John Granger Cook, Julian’s Contra Galilaeos and Cyril’s Contra Iulianum: Two Witnesses to the Short Ending of Mark
Abstract: A Syriac MS (British Museum Add. 17214, fol. 65a–65b) preserves an excerpt from Julian’s Contra Galilaeos and Cyril’s response (the Contra Iulianum), which indicates that both authors either did not know the longer ending of Mark (16:9–20) or regarded it as spurious. The evidence has apparently been overlooked in studies of the longer ending of Mark. If the argument is sound, then Julian should be added to the apparatus criticus of Mark as a witness to the short ending (16:8). Cyril should be reevaluated as a patristic father who probably knew MSS that omitted the longer ending, but, unlike Jerome and Eusebius, did not assert that fact about the MSS in the surviving text.

New reviews

W. Andrew Smith, A Study of the Gospels in Codex Alexandrinus: Codicology, Palaeography, and Scribal Habits (Thomas J. Kraus, reviewer)
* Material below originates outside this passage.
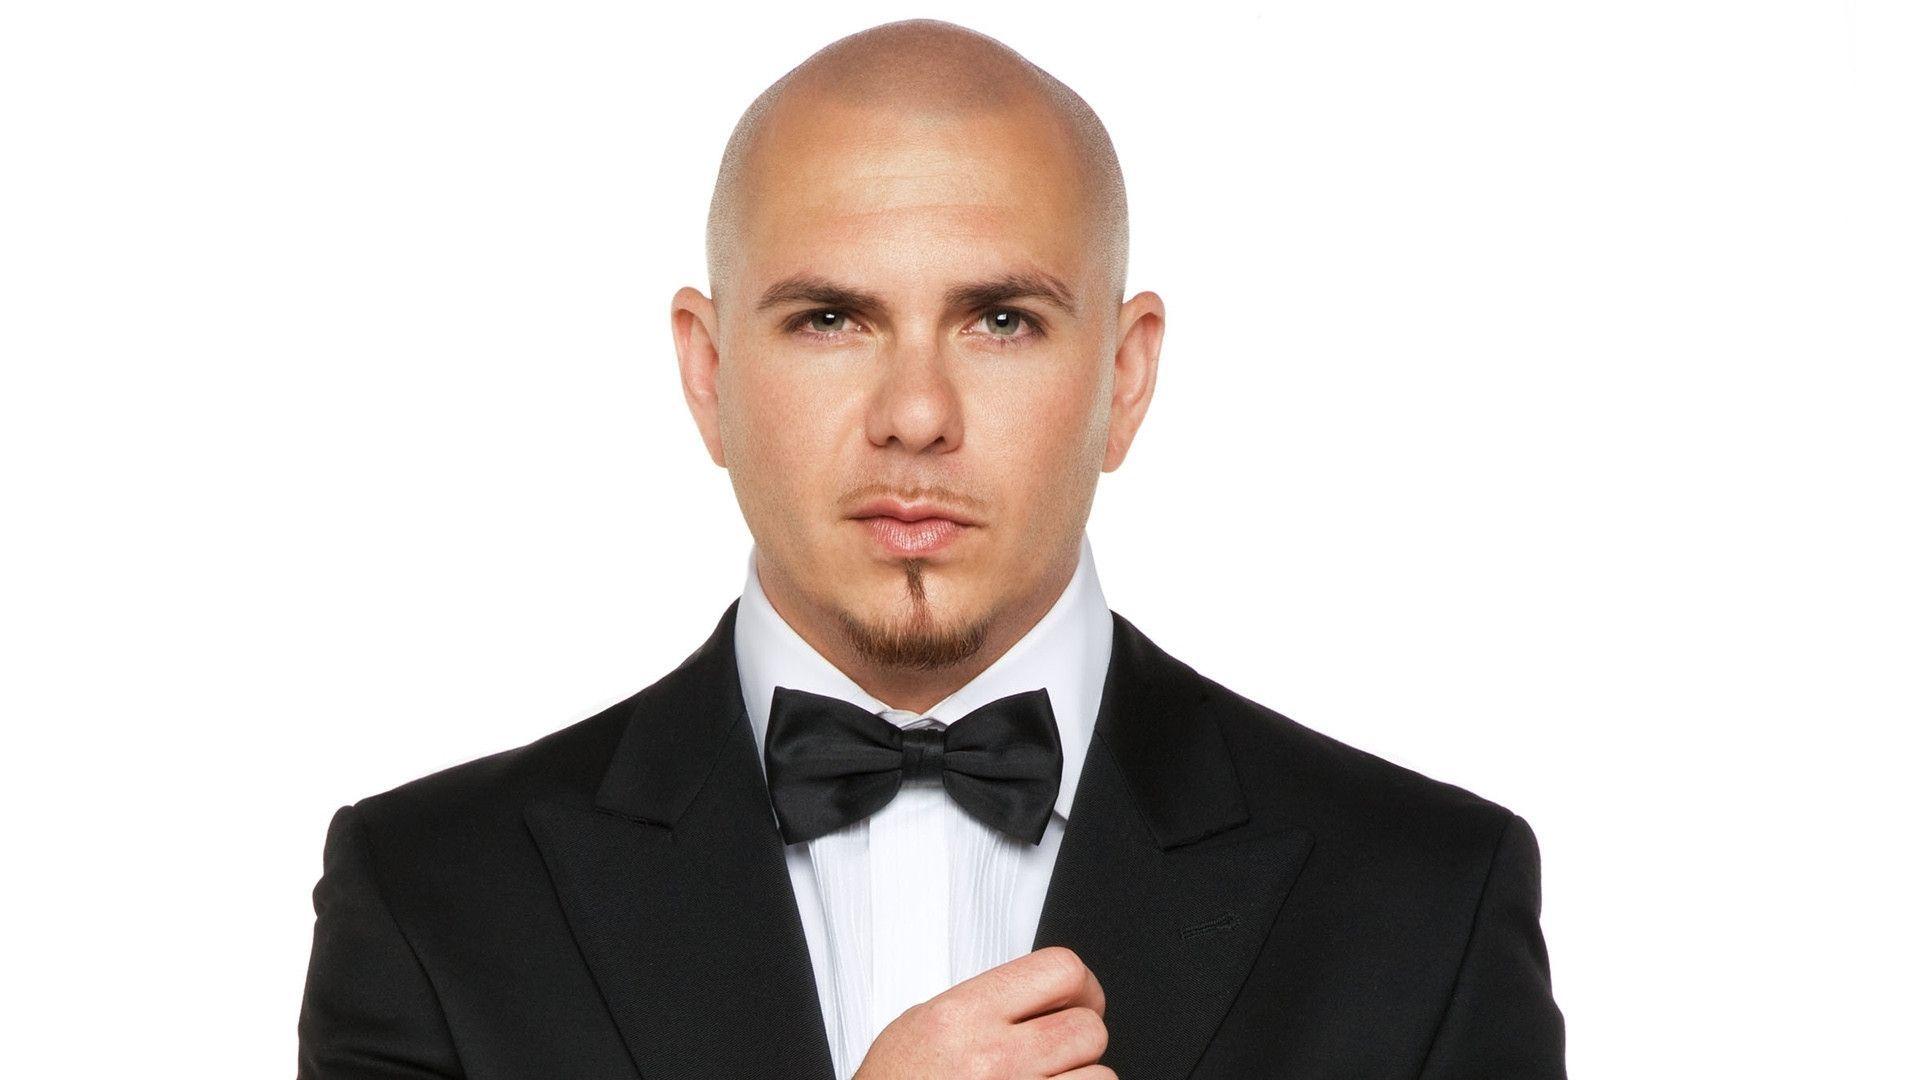 Pitbull Rapper Wallpapers

Lincoln H. Blumell, Lettered Christians: Christians, Letters, and Late Antique Oxyrhynchus (Malcolm Choat, reviewer)

8 comments :

  1. Cook's main thesis seems pretty thin: Julian used Mark 16:8 to posit a contradiction with Matthew 28:8. Cyril responded without using Mk. 16:9-20. And that's about it. Two arguments from silence. (And it's not a deafening silence at all. The deafening silence is Julian's failure to mention that the text of Mark stops abruptly without a post-resurrection appearance of Christ.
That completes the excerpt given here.